We can now see the cross validation results in the `cv_results_` property of the object we created.

In [13]:
results = grid.cv_results_
results.keys()

dict_keys(['mean_fit_time', 'std_fit_time', 'mean_score_time', 'std_score_time', 'param_max_depth', 'param_max_features', 'params', 'split0_test_score', 'split1_test_score', 'split2_test_score', 'mean_test_score', 'std_test_score', 'rank_test_score'])

There are a lot of properties here, but we will focus on two:

- `mean_test_score`: the average test scores for each model
- `params`: a dictionary containing the parameters used to train each model

In [14]:
test_scores = results['mean_test_score']
test_scores

array([0.59247138, 0.5336245 , 0.57126759, 0.62837741, 0.55348778,
       0.60133915, 0.63756002, 0.55784278, 0.61290109])

In [15]:
params = results['params']
params

[{'max_depth': 2, 'max_features': None},
 {'max_depth': 2, 'max_features': 1},
 {'max_depth': 2, 'max_features': 3},
 {'max_depth': 3, 'max_features': None},
 {'max_depth': 3, 'max_features': 1},
 {'max_depth': 3, 'max_features': 3},
 {'max_depth': 4, 'max_features': None},
 {'max_depth': 4, 'max_features': 1},
 {'max_depth': 4, 'max_features': 3}]

We can combine these features together into a data frame to see how our different models perform:

In [16]:
for p, s in zip(params, test_scores):
    p['score'] = s
    
pd.DataFrame(params).sort_values(by='score')

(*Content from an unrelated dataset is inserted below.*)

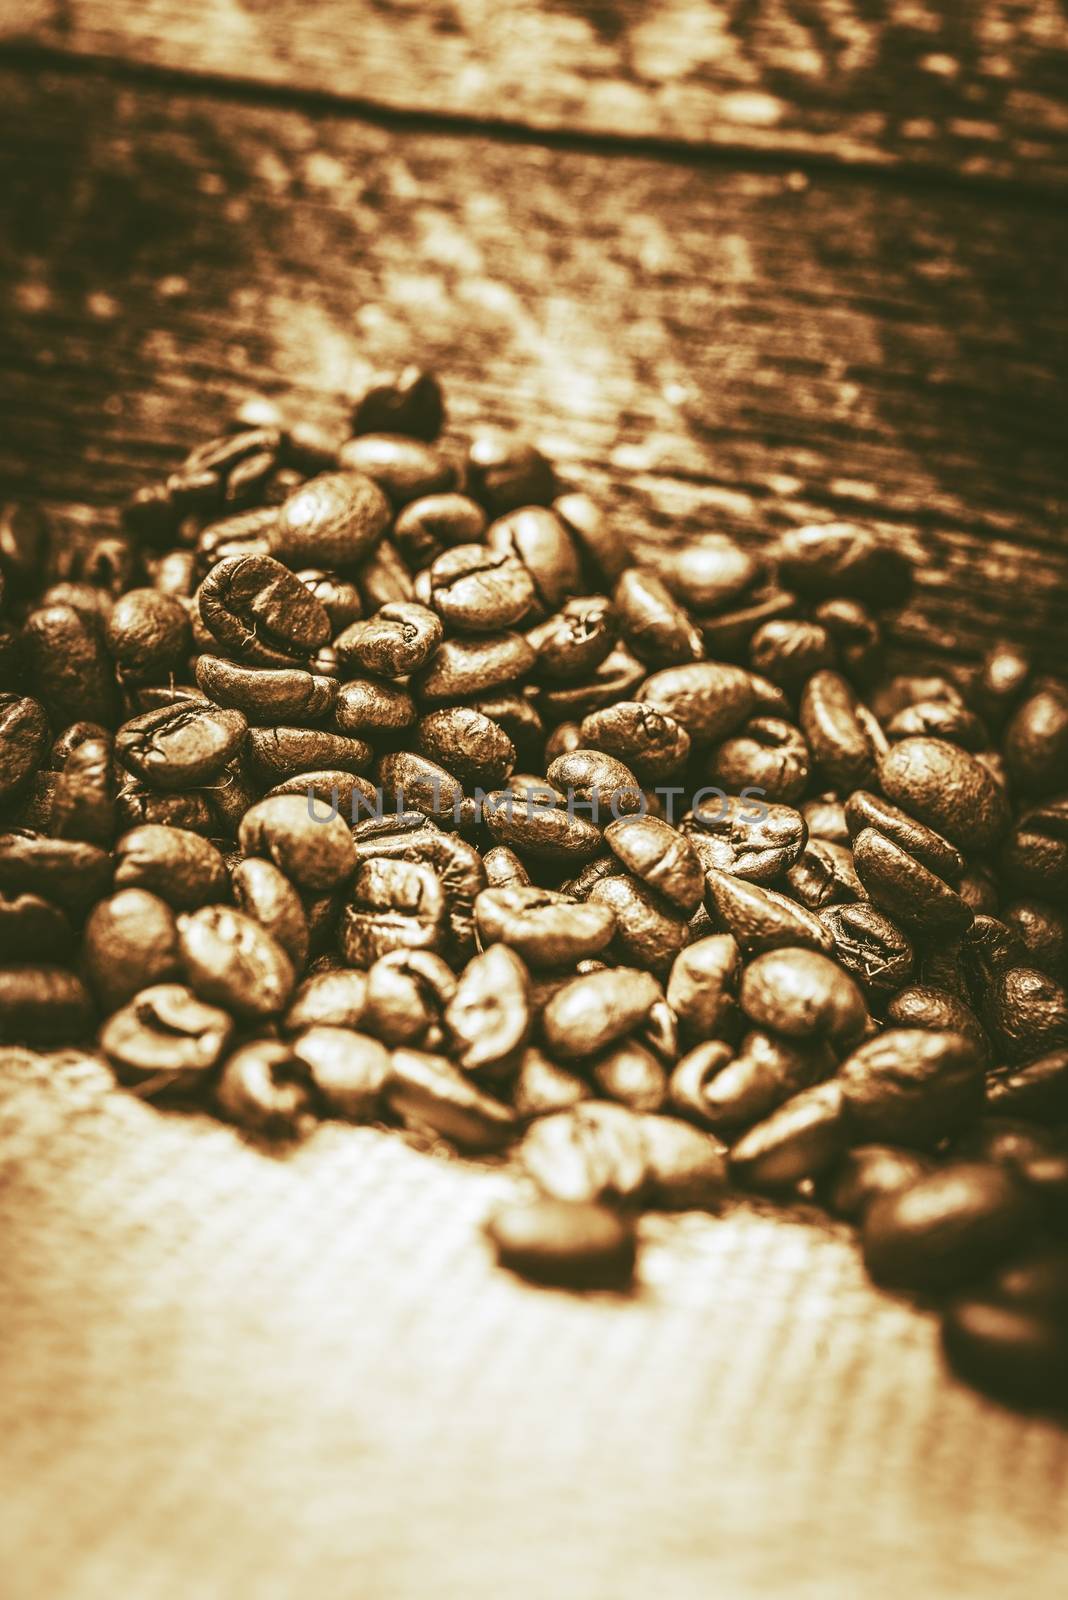 Freshly Roasted Coffee Beans Closeup Photo. Vintage Color Grading Coffee Concept.

Unnamed: 0,max_depth,max_features,score
1,2,1.0,0.533624
4,3,1.0,0.553488
7,4,1.0,0.557843
2,2,3.0,0.571268
0,2,,0.592471
5,3,3.0,0.601339
8,4,3.0,0.612901
3,3,,0.628377
6,4,,0.63756


## Exercises

Within your `codeup-data-science` directory, create a new repo named `advanced-topics`. This will be where you do your work for this module. Create a repository on GitHub with the same name, and link your local repository to GitHub.

Save this work in your `advanced-topics` repo. Then add, commit, and push your changes.

Do your work for this exercise in a jupyter notebook or python script named `cross_validation`.

Use the cross validation techniques discussed in the lesson to figure out what kind of model works best with the cars dataset used in the lesson.